DATA IN THIS EXERCISE: Begin

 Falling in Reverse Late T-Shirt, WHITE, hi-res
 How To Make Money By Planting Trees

DATA IN THIS EXERCISE: End
DATA IN THIS EXERCISE: Begin

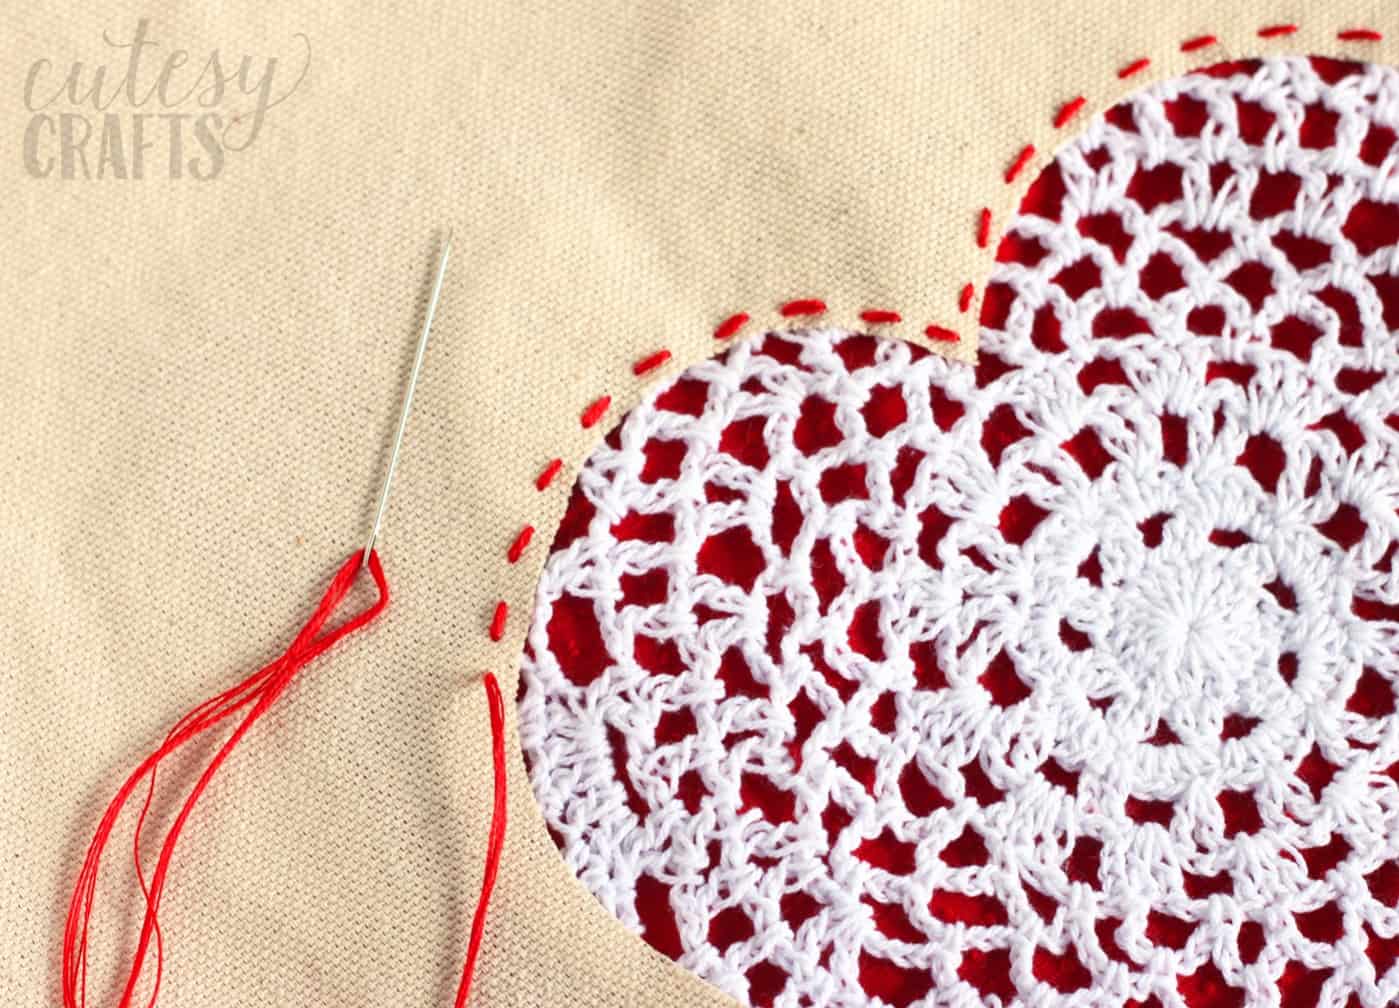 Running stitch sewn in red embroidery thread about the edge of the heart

DATA IN THIS EXERCISE: End
DATA IN THIS EXERCISE: Begin

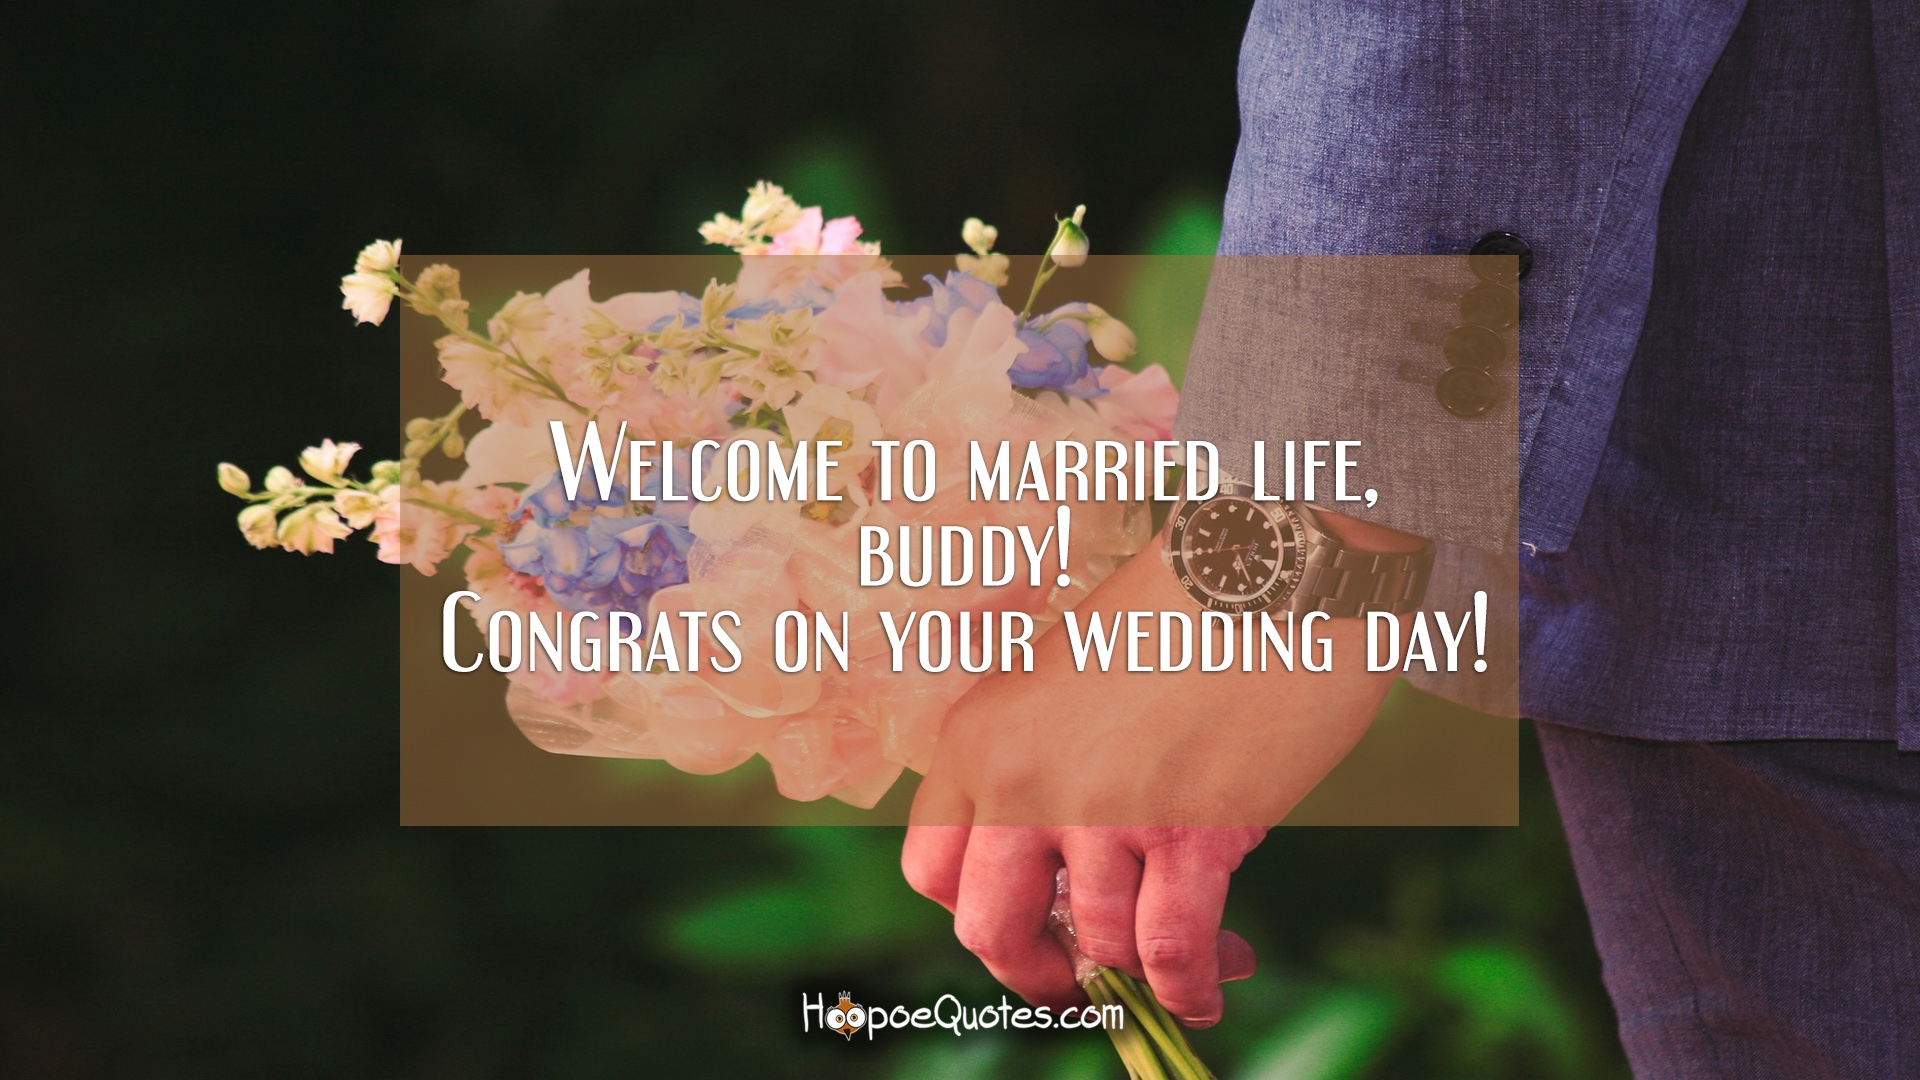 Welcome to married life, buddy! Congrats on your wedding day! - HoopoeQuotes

DATA IN THIS EXERCISE: End

● TASK PROMPT
The response must hold only the lines above from the line with "Falling in Reverse" through the line with "How To Make Money By Planting Trees", each copied exactly, both ends kept.

● SOLUTION TO THIS PROBLEM
 Falling in Reverse Late T-Shirt, WHITE, hi-res
 How To Make Money By Planting Trees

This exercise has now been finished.